| When did you use Haskell? The dependency hell situation has vastly improved (and there are plans to make it much better still). I agree that a downside of Haskell's very high level nature is difficulty to predict some runtime characteristics. This is just an instance of the general trade-off between low-level and high-level languages. Everyone is already comfortable with the loss of easily predictable performance incurred by GC, but people are still not comfortable with the same w.r.t laziness. I use Haskell for real world projects, and I find it more practical and more suitable than any other language I've ever used. Laziness rarely bites me, and has incredible real-world benefits such as easy refactoring and simpler code. I think the silliness about PhD's is very very silly.
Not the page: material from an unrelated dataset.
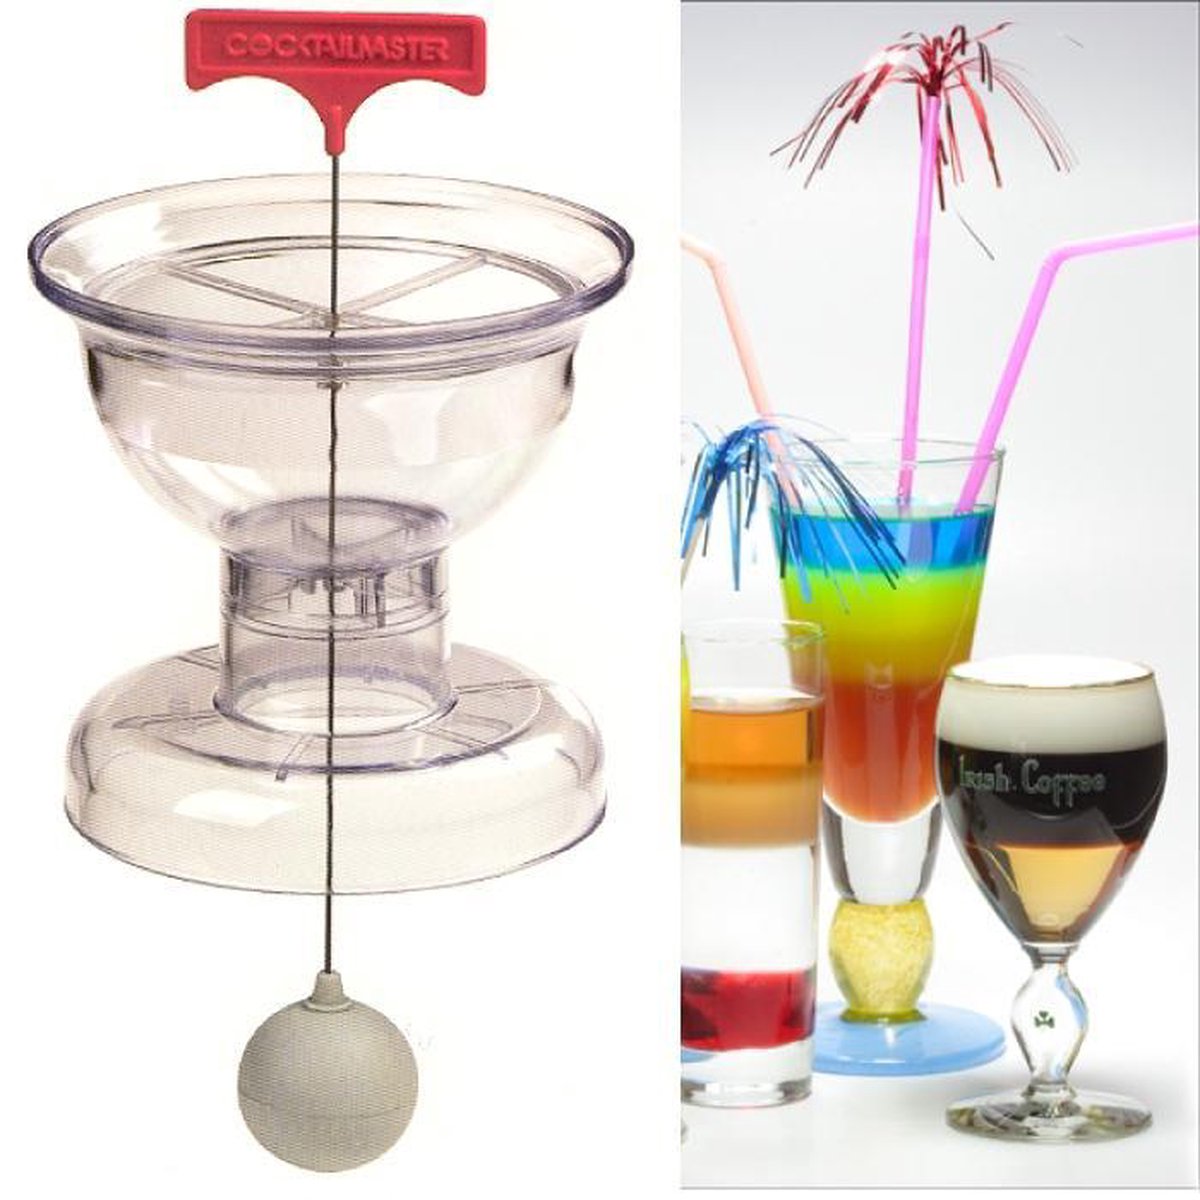 Cocktailmaster - Transparent

Of the Haskell programmers I know, the majority don't have a first degree... About profiling -- I have never profiled a Scala/Java application, but how much easier is it compared with: "cabal configure --enable-executable-profiling", and then running the program with "+RTS -p"? It may not be point-and-click, but it really is not hard at all. |
Roughly two years ago.
>I think the silliness about PhD's is very very silly.
Of course it is. I just wanted to make a point that the "average programmer" has probably never seen a single line of ML-syntax before.
>About profiling -- I have never profiled a Scala/Java application, but how much easier is it compared with: "cabal configure --enable executable-profiling", and then running the program with "+RTS -p"? It may not be point-and-click, but it really is not hard at all.
I don't remember exactly what we tried, what worked and what didn't; we had no experts on the team, and just came to the conclusion that hooking up jconsole/yourkit/<insert jvm profiler here> to a running jvm process and see what's happening in real time on an app server was so much more comfortable.